[WORK INSTRUCTIONS]
Skip any image you find and restate the rest of the data word for word.

━━ SOURCE MATERIAL

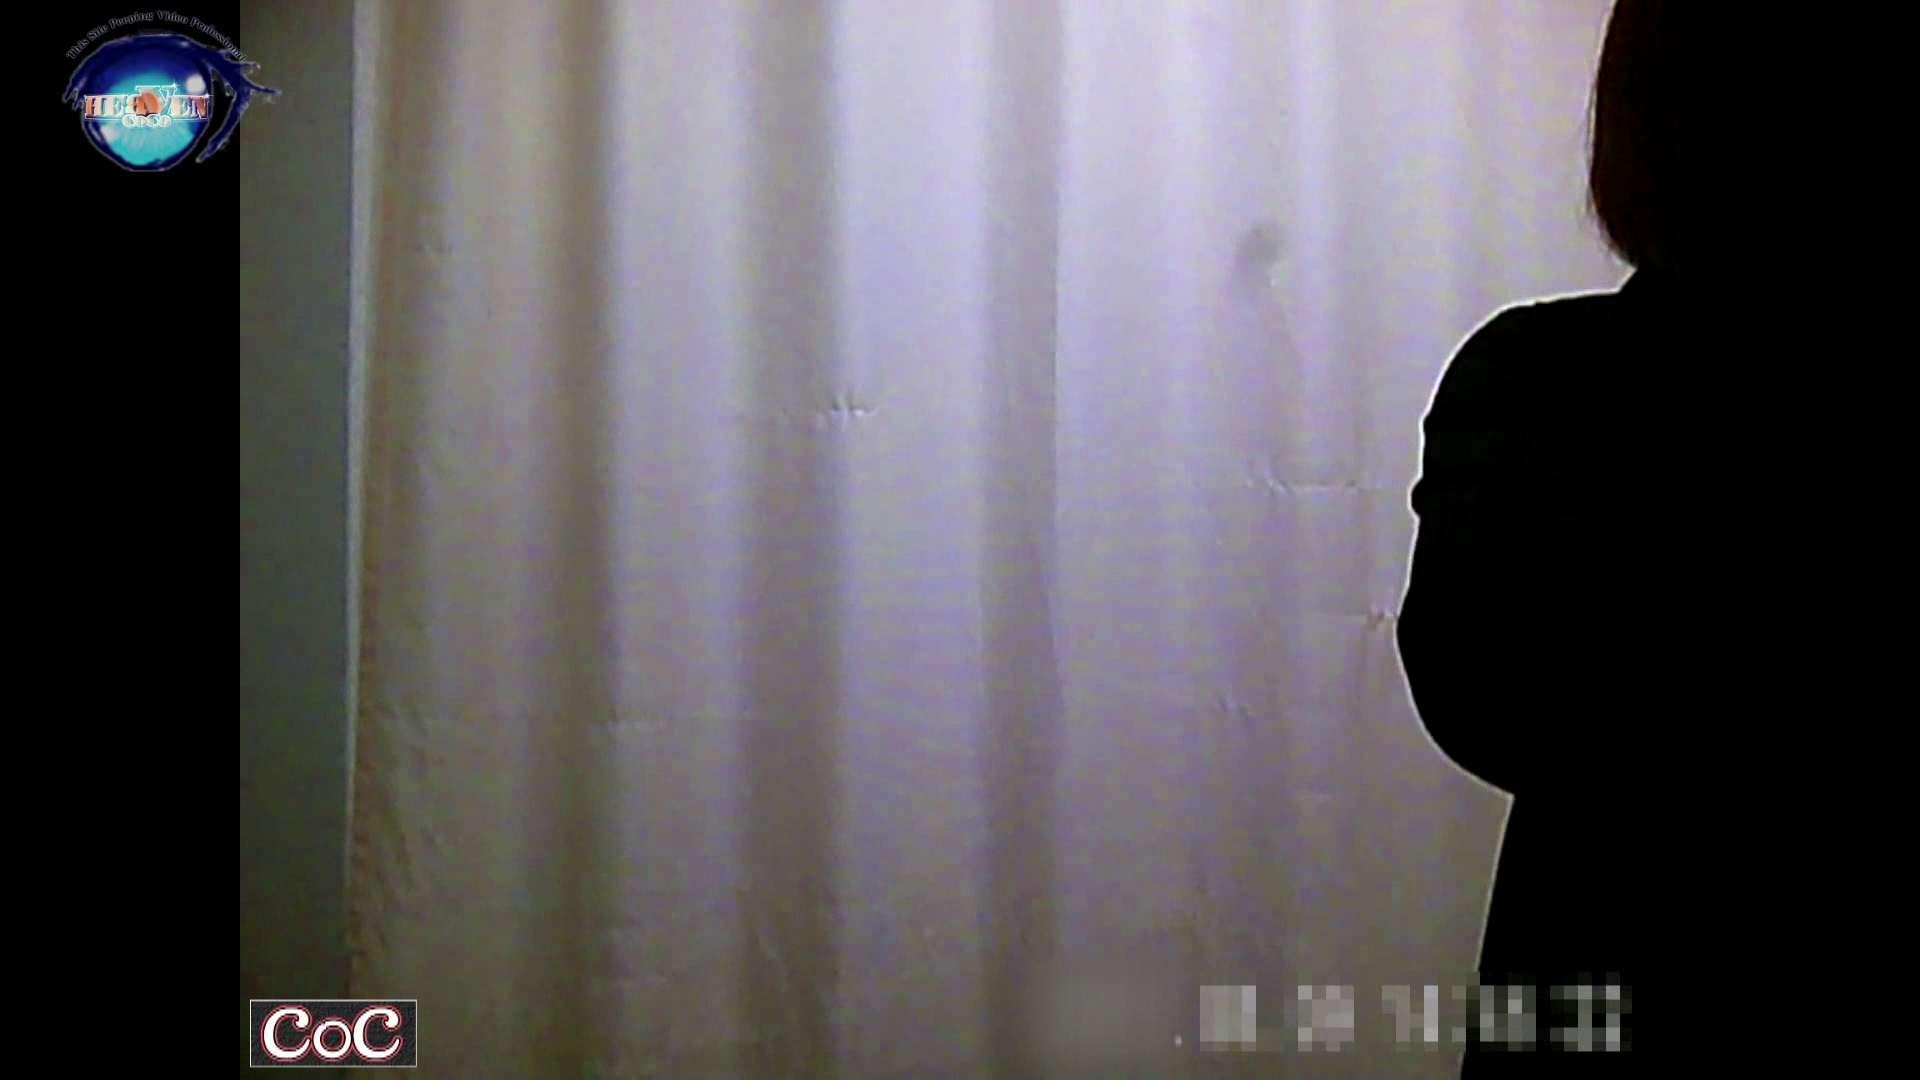 激ヤバ健康診断!着替えの一部始終.vol.13 ※本編ボカシ・目線無し ナースのエロ動画 のぞき 97PIX 20
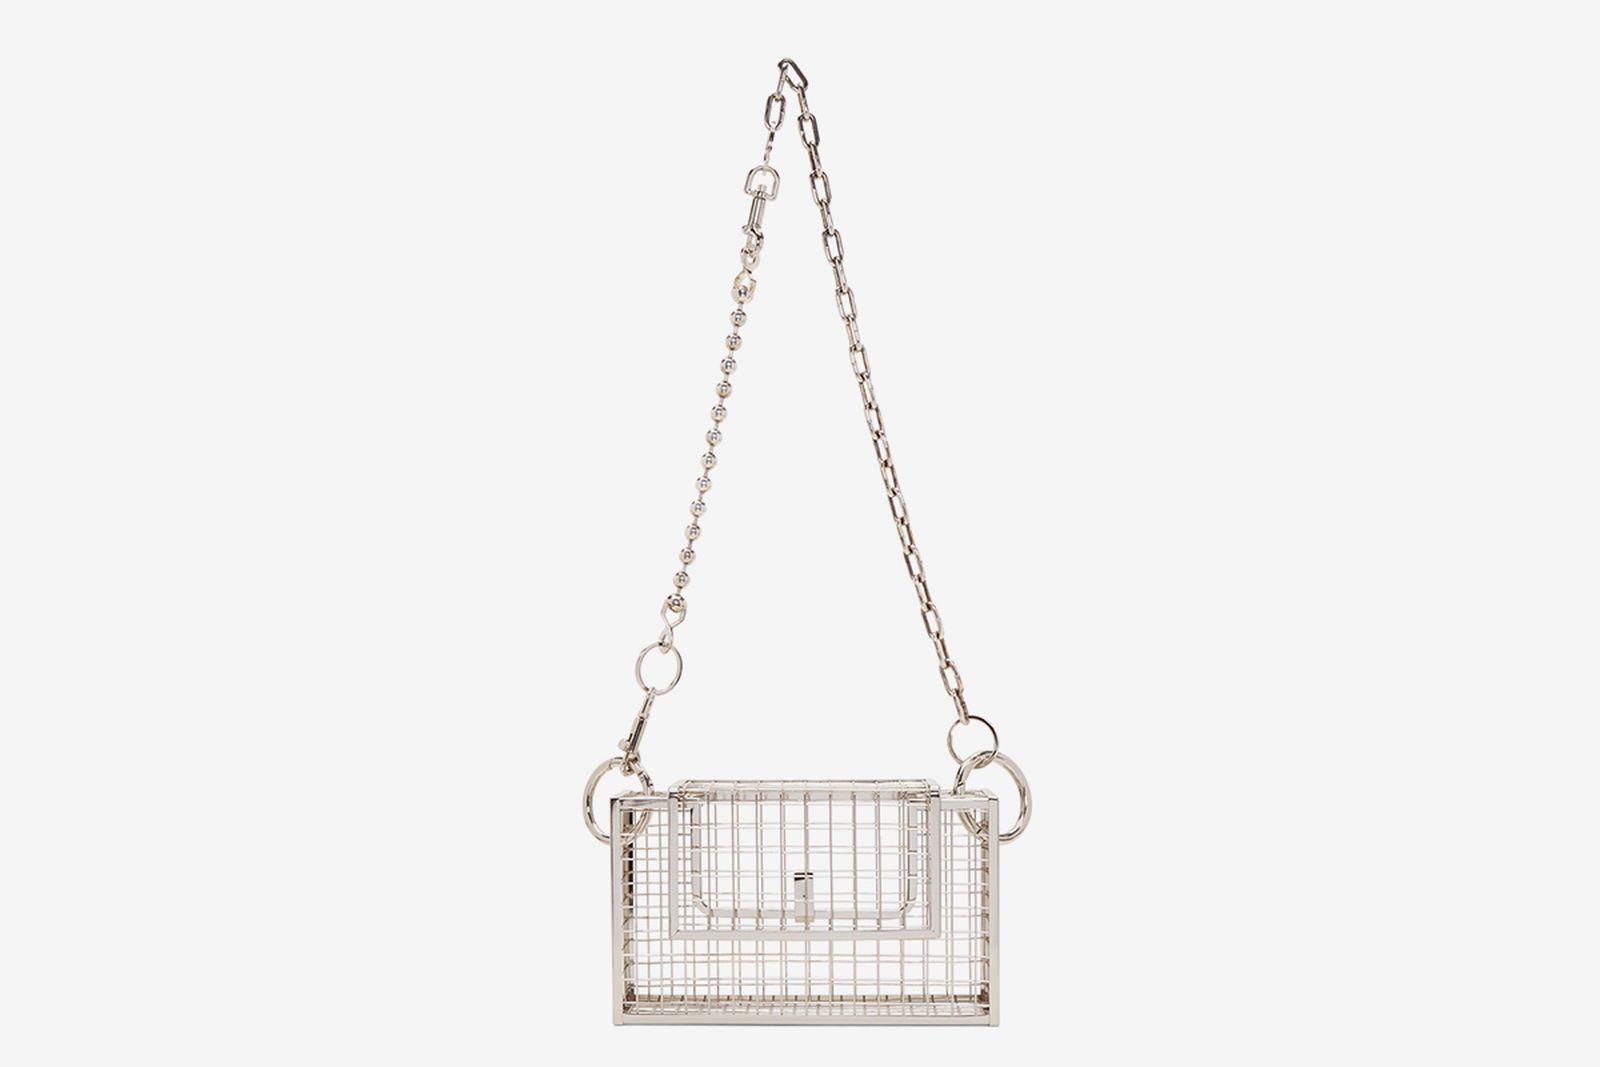 martine ali cage bag 003 ssense
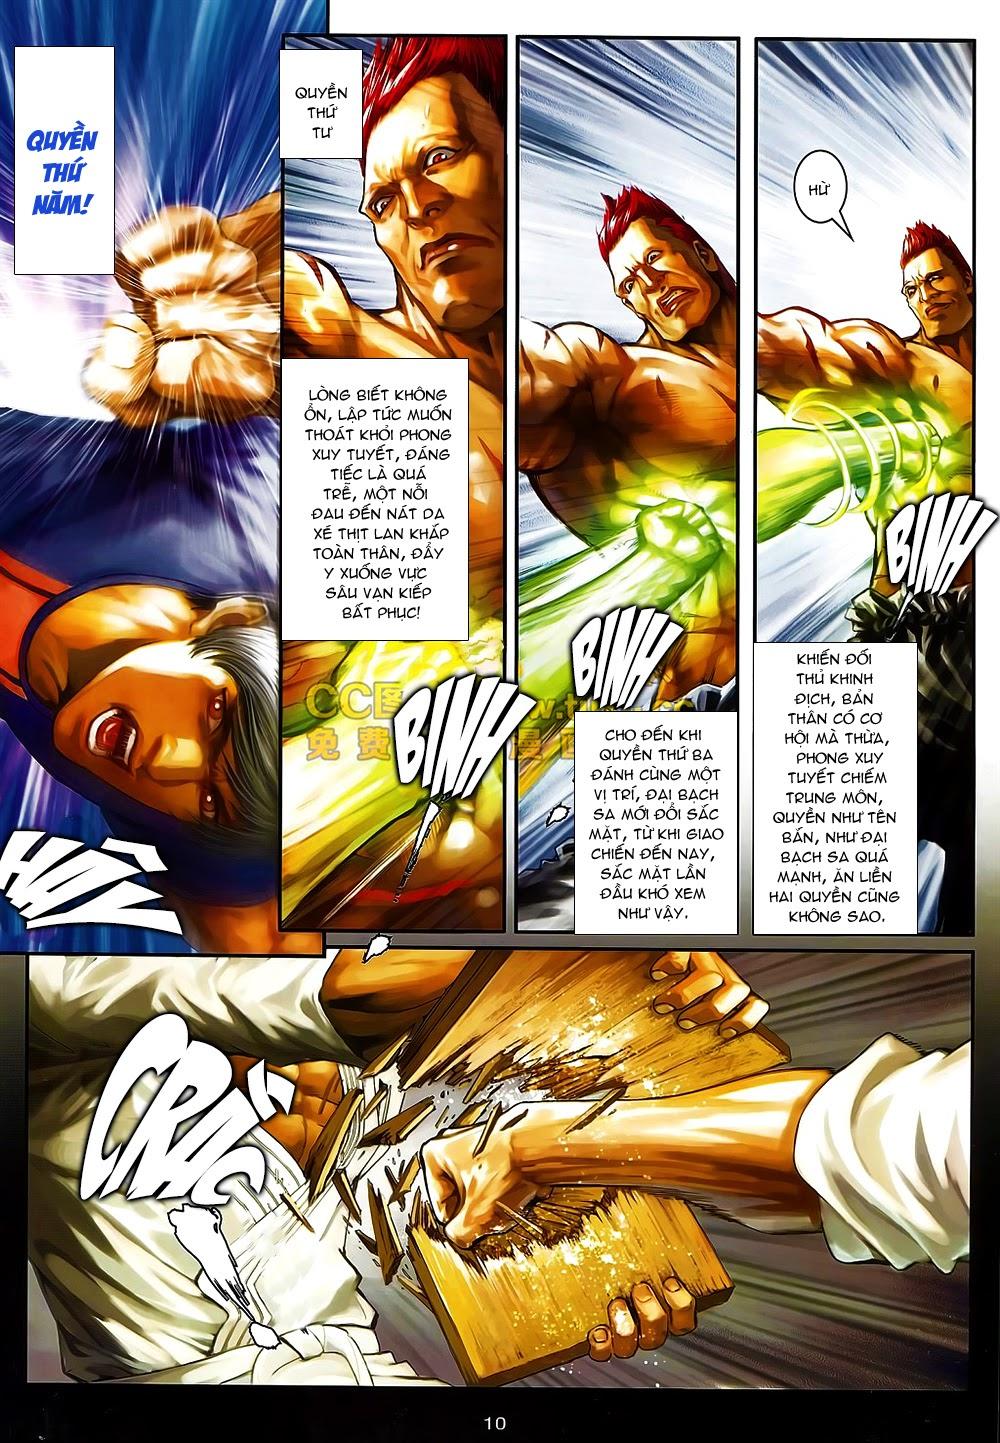 Quyền Đạo chapter 6 trang 10
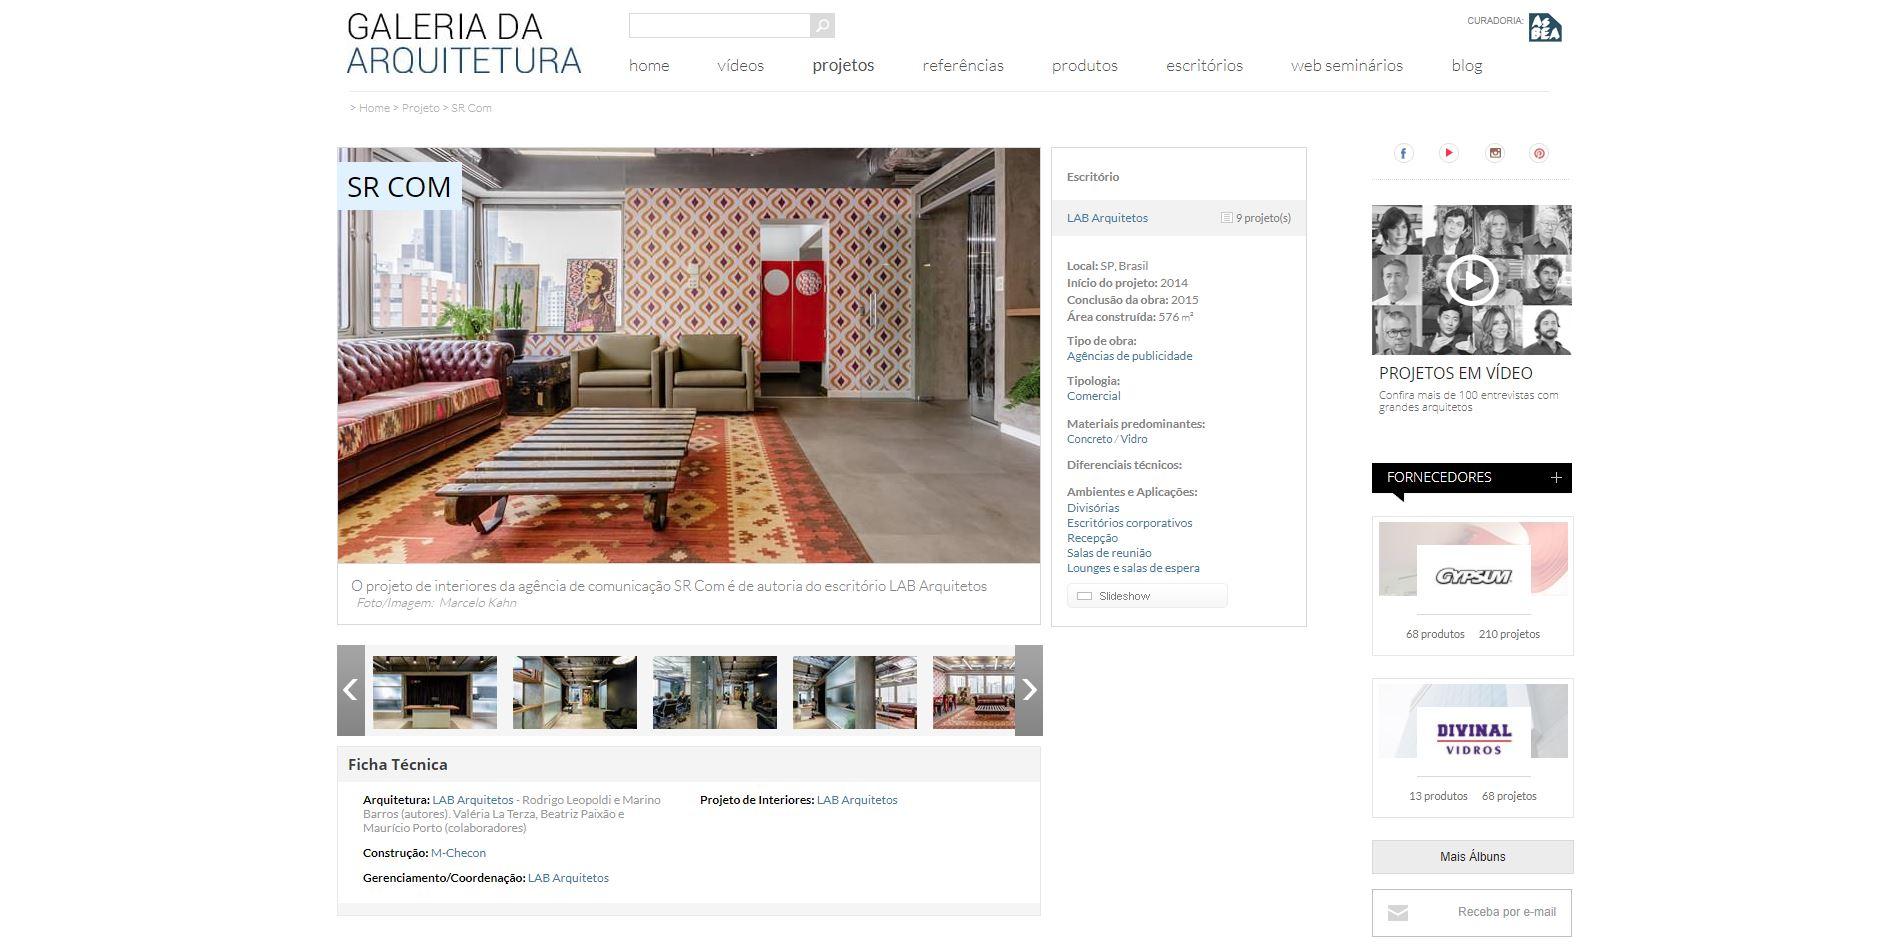 arquitetura-labarquitetos-publicacao-site-galeria-srcom

━━━━

[WORKED SOLUTION]
 激ヤバ健康診断!着替えの一部始終.vol.13 ※本編ボカシ・目線無し ナースのエロ動画 のぞき 97PIX 20
 martine ali cage bag 003 ssense
 Quyền Đạo chapter 6 trang 10
 arquitetura-labarquitetos-publicacao-site-galeria-srcom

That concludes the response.